§ Problem to work on
Exact reproduction of the listing is required. Pictures are not reproduced.

§ Recorded data
☆ ☆ ☆ ☆ ☆

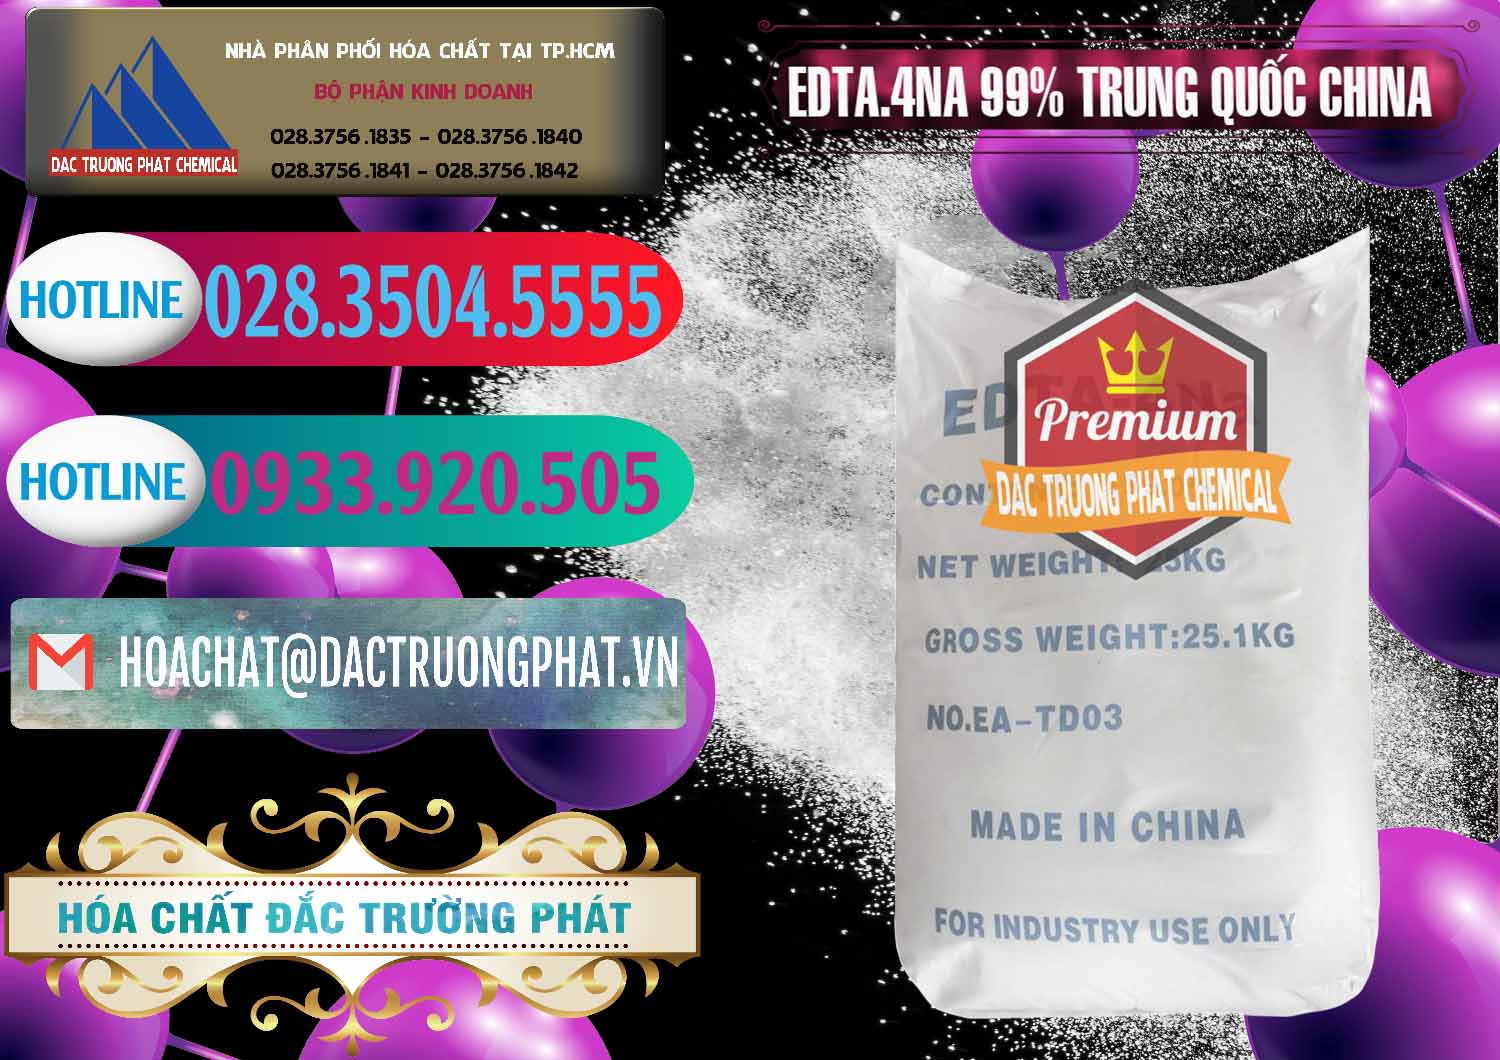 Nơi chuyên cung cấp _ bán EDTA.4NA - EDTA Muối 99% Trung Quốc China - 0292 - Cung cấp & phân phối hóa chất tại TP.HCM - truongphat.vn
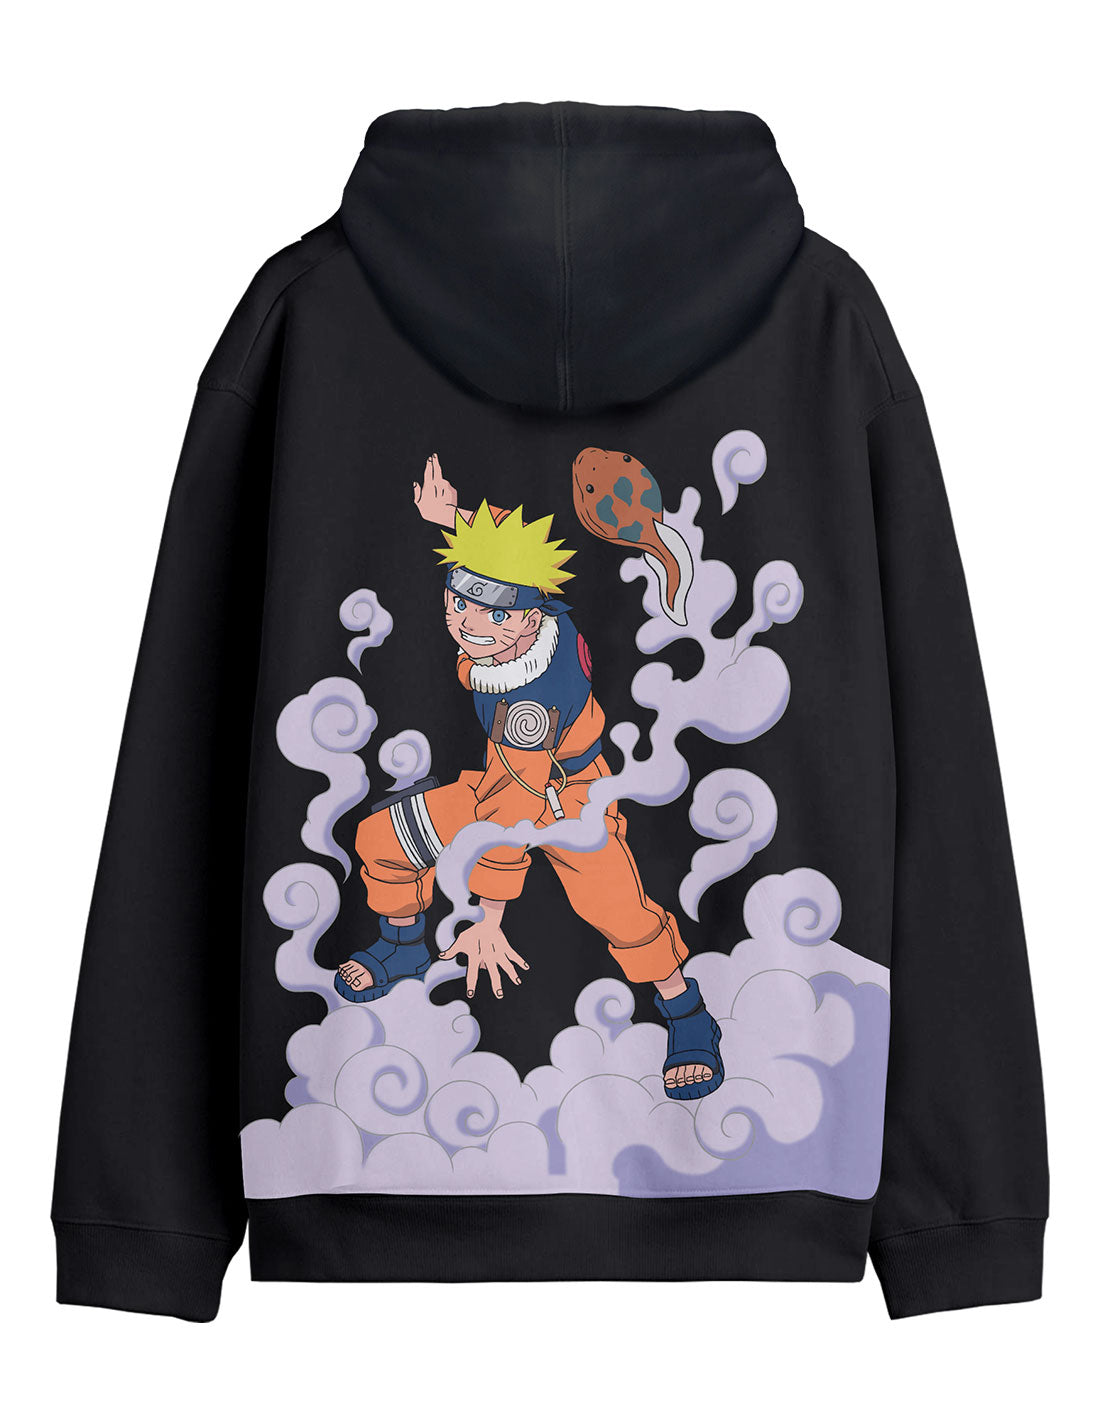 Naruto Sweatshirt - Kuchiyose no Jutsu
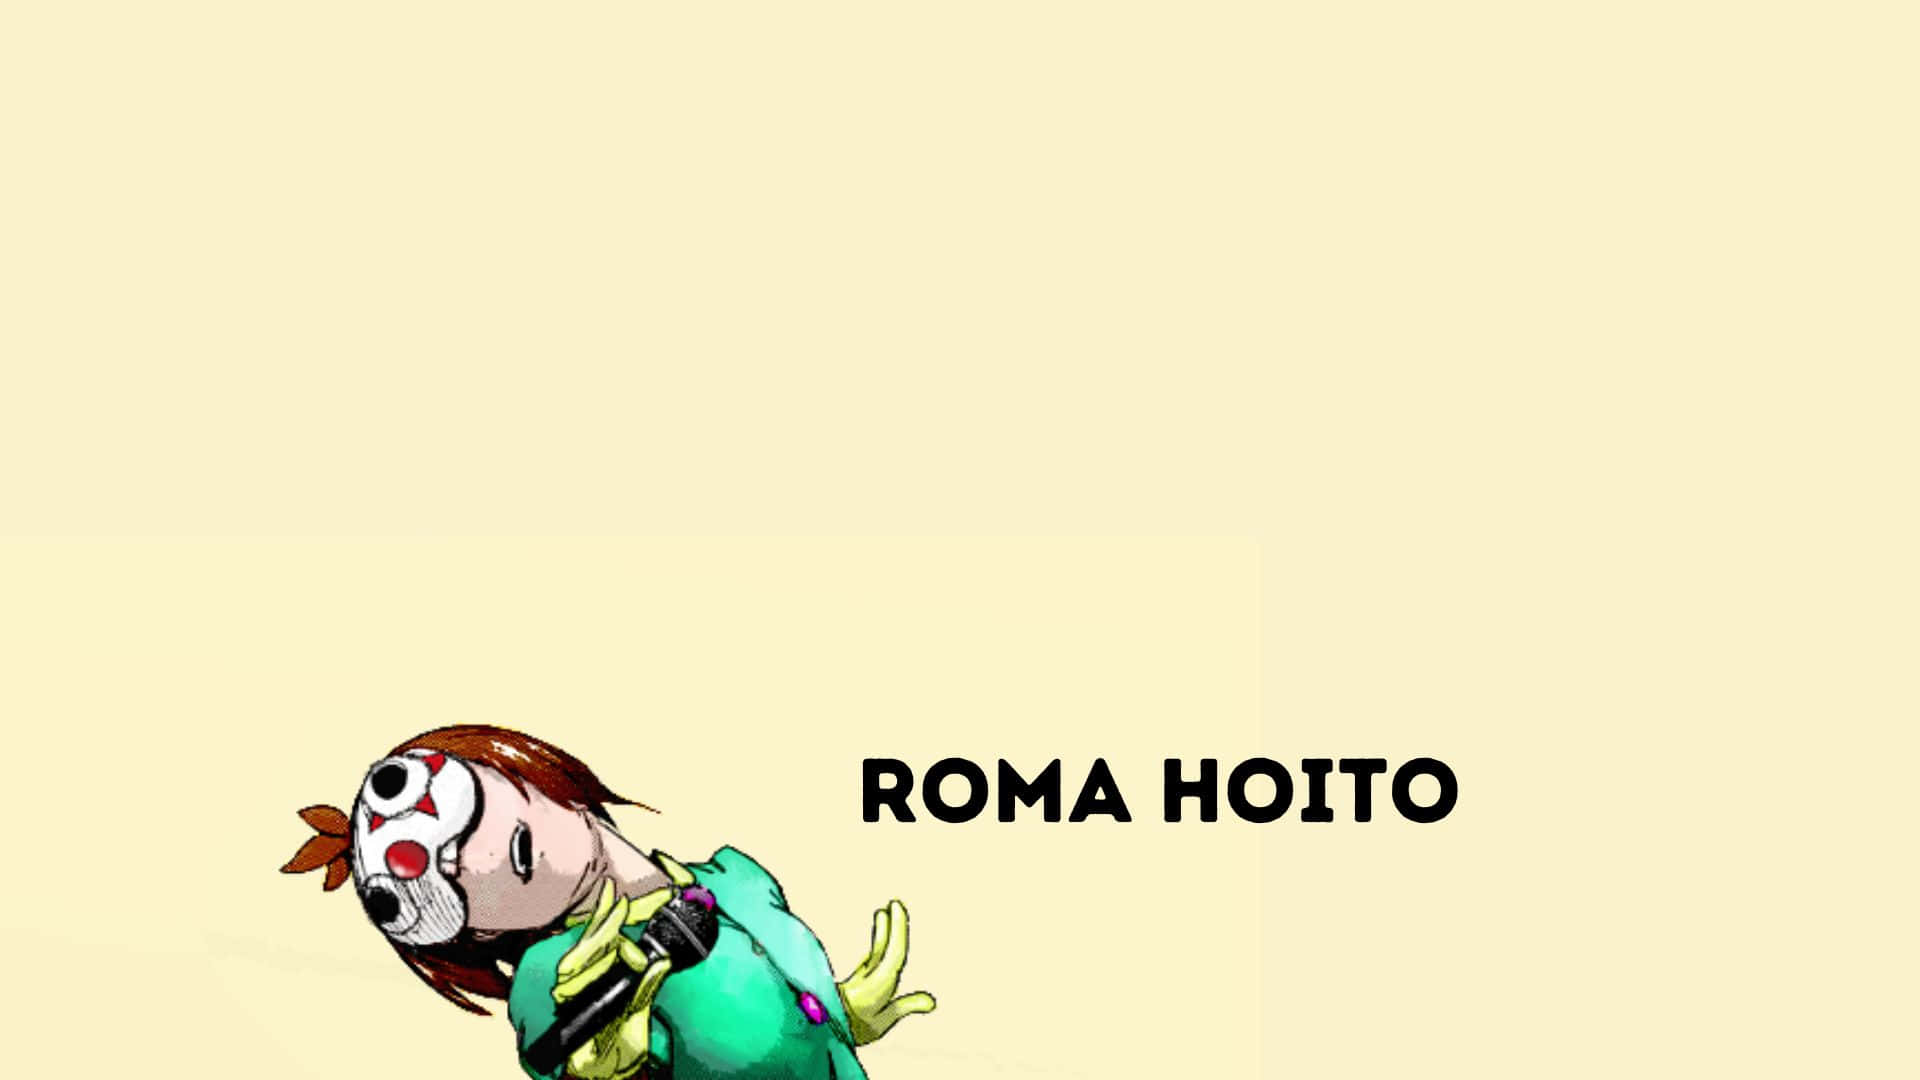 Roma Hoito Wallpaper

☆ ☆ ☆ ☆ ☆

§ Response
 Nơi chuyên cung cấp _ bán EDTA.4NA - EDTA Muối 99% Trung Quốc China - 0292 - Cung cấp & phân phối hóa chất tại TP.HCM - truongphat.vn
 Naruto Sweatshirt - Kuchiyose no Jutsu
 Roma Hoito Wallpaper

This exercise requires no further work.